Thursday, December 4, 2008

Going down into the darkness of the year

Back in the days before I got a prescription to cope with it, before I even understood that I have 'Seasonal Affected Disorder," aka Winter Depression, the period from Thanksgiving to sometime after Valentine's Day would see me virtually incapacitated by miserableness, cold and dark and lonely. Typically I would break up with whatever boyfriend I had sometime in October, then spend the holidays valiantly trying to find a place to get out of the metaphysical cold. Thanksgiving would happen anywhere I could get an invitation from some friend or relative with a large dose of pity. Christmas approached with the glow of a city at night in the desert, and usually proved as rewarding as a visit to Las Vegas, so that the year ended with a roller-coaster crash into deeper depression.

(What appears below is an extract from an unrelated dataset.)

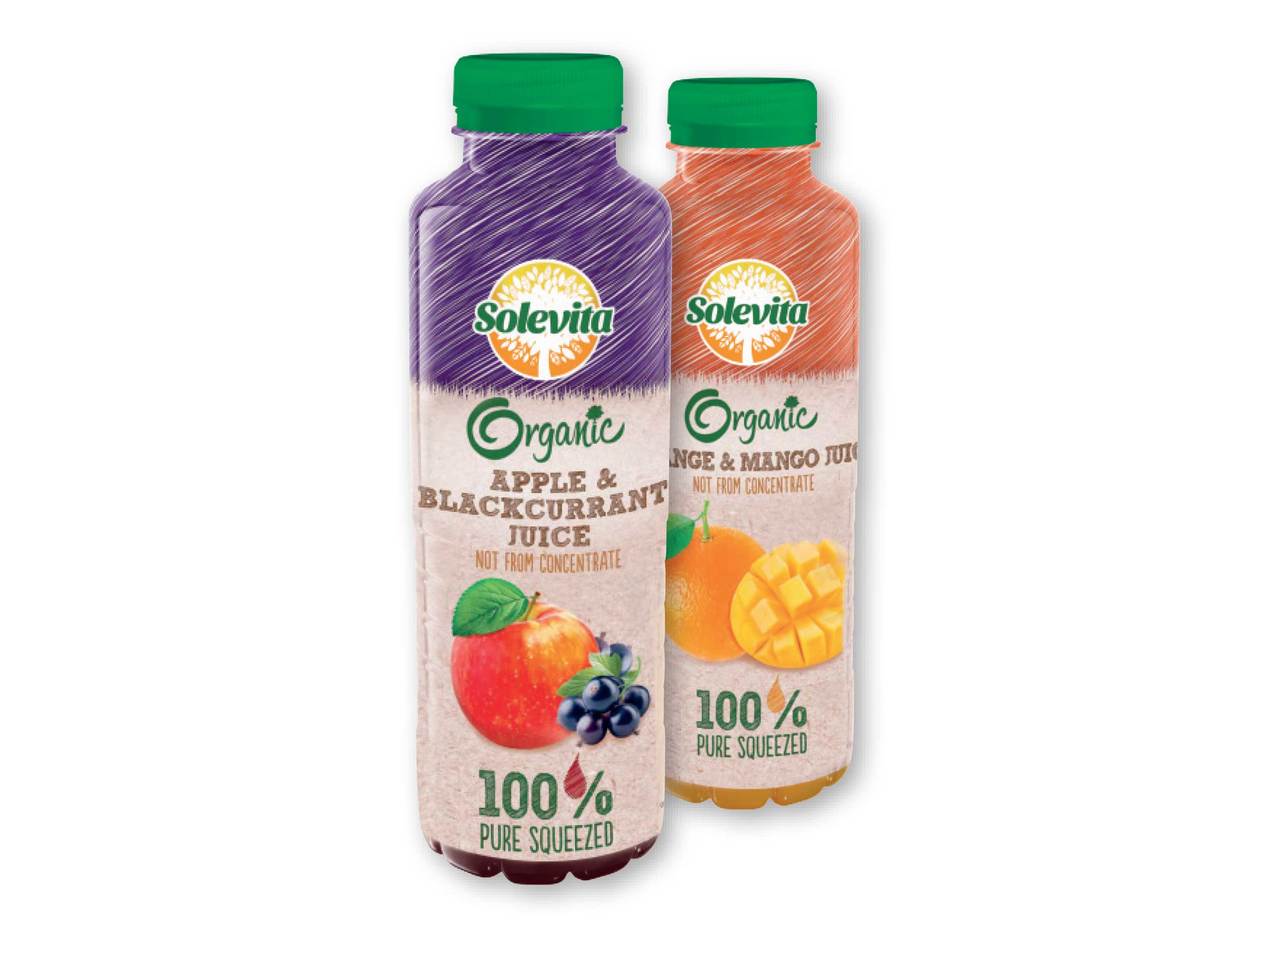 SOLEVITA Organic Juice

Personal enlightenment began in college, when I spent a week in December visiting the Southwestern US, basking in bright sun under incredibly blue skies. I went into December devastated as usual by the abandonment of a boyfriend. I happened to have taken some courses that covered pagan religions' focus on astronomic cycles, and grabbed hold of the concept of the Winter Solstice as the 'low point' of the year. December 21 is the shortest day and the longest night of the year, the point after which every day is slightly longer than the one before.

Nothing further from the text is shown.